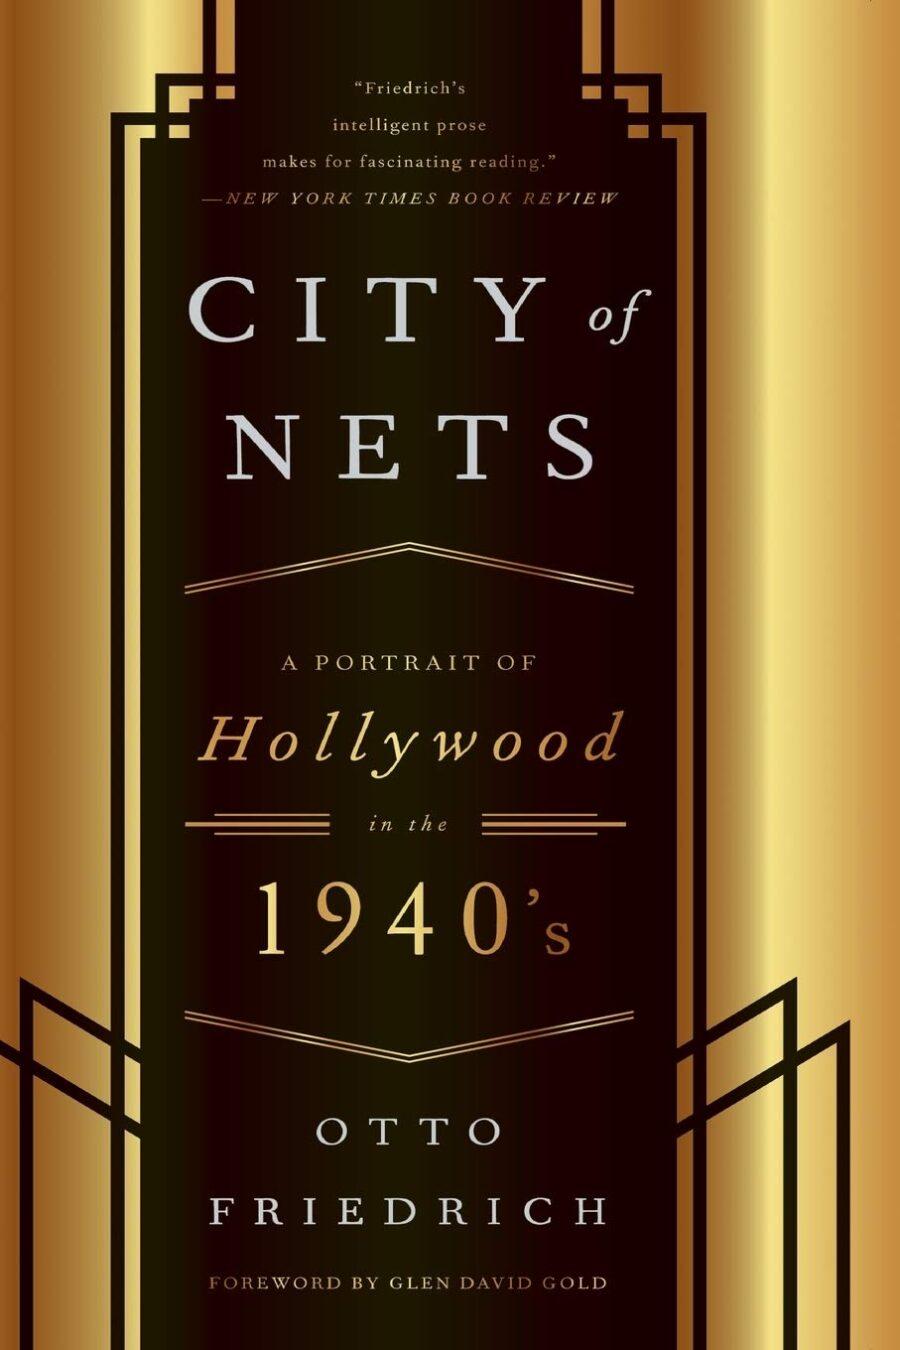 9780062326041-city-of-nets
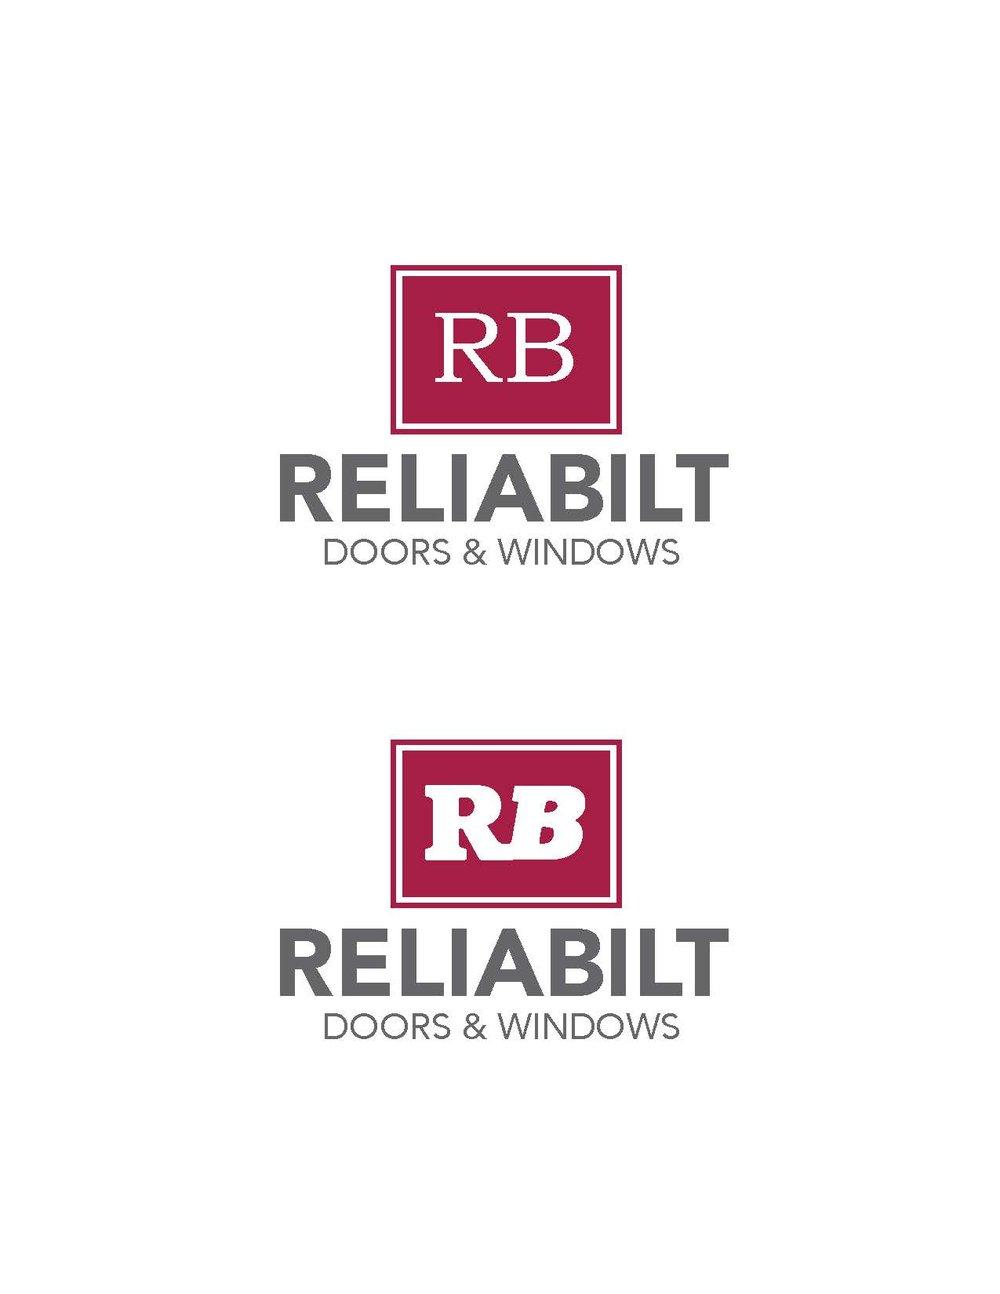 sc 1 st  erin k. monaghan creative & Redesigned logo for RB Doors u0026 Windows u2014 ERIN K. MONAGHAN CREATIVE
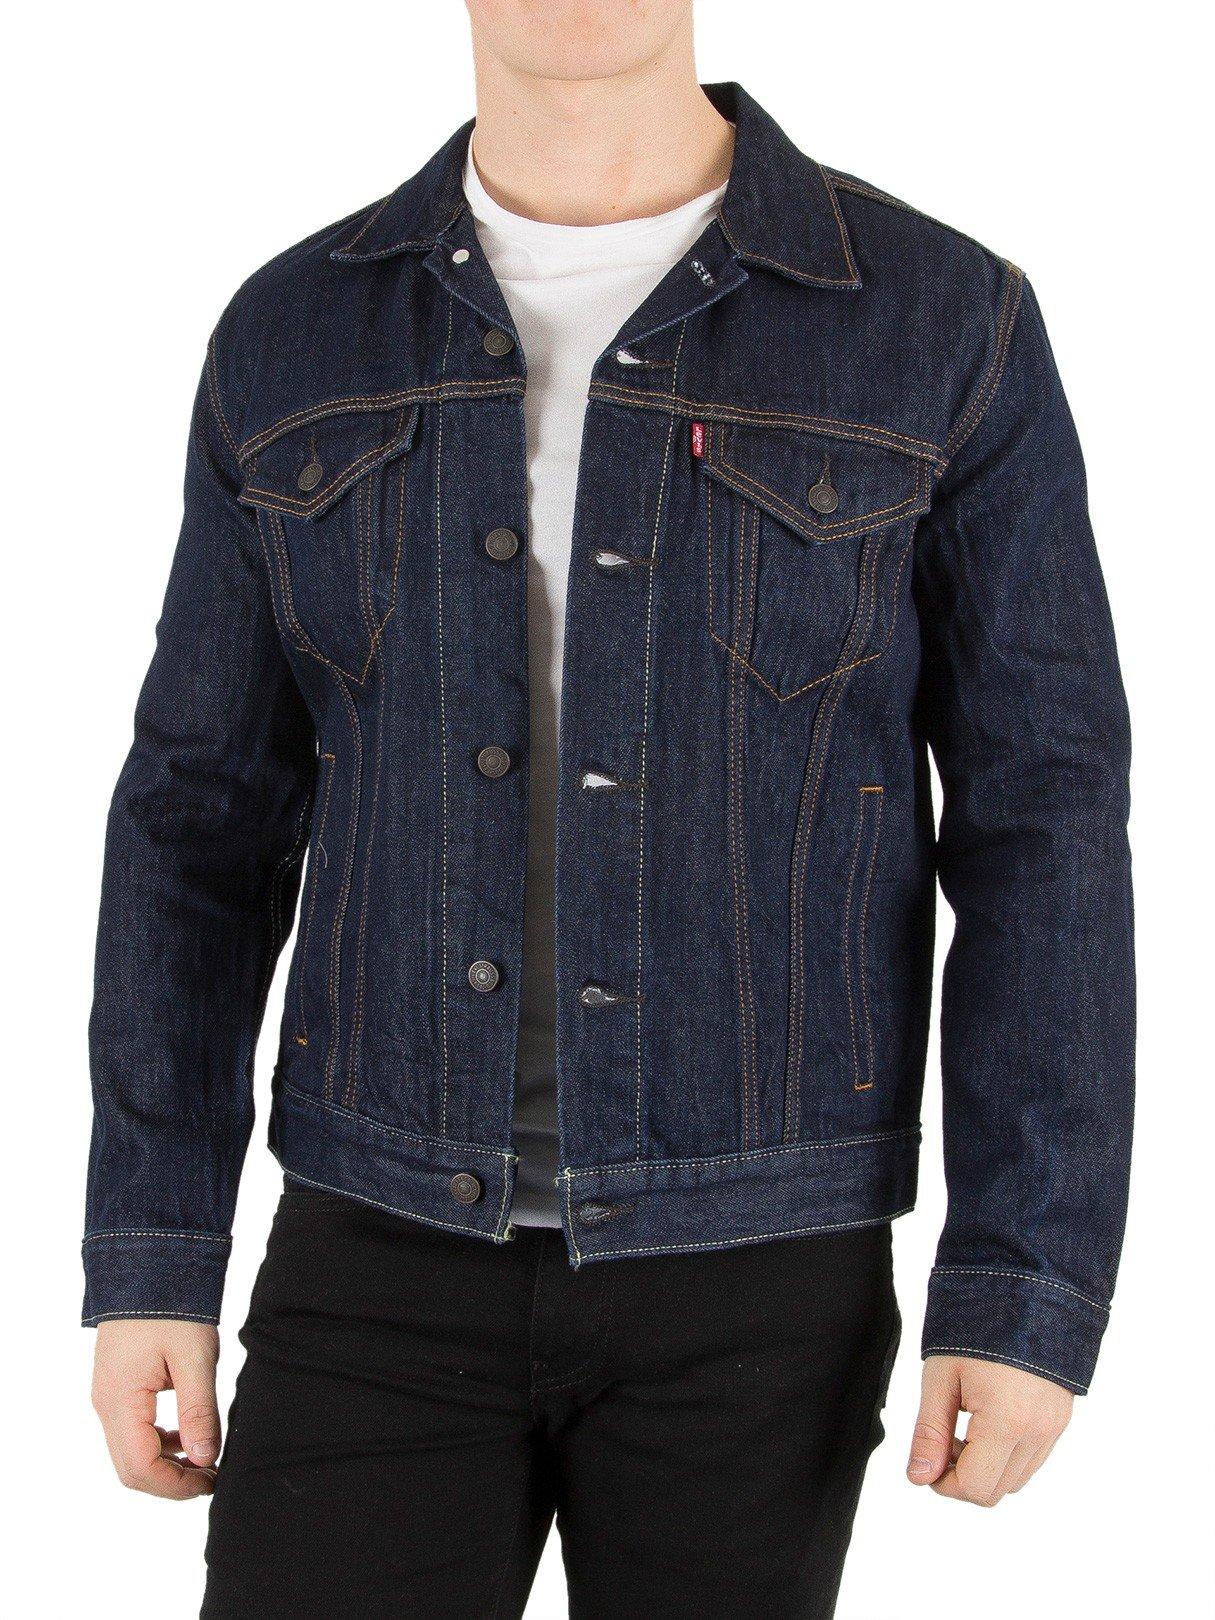 Levi's Men's Trucker Rinse Jacket, Blue, Large
§
**What to do:** Return the listing above verbatim and exclude every picture.

**Your solution:**
 9780062326041-city-of-nets
 sc 1 st  erin k. monaghan creative & Redesigned logo for RB Doors u0026 Windows u2014 ERIN K. MONAGHAN CREATIVE
 Levi's Men's Trucker Rinse Jacket, Blue, Large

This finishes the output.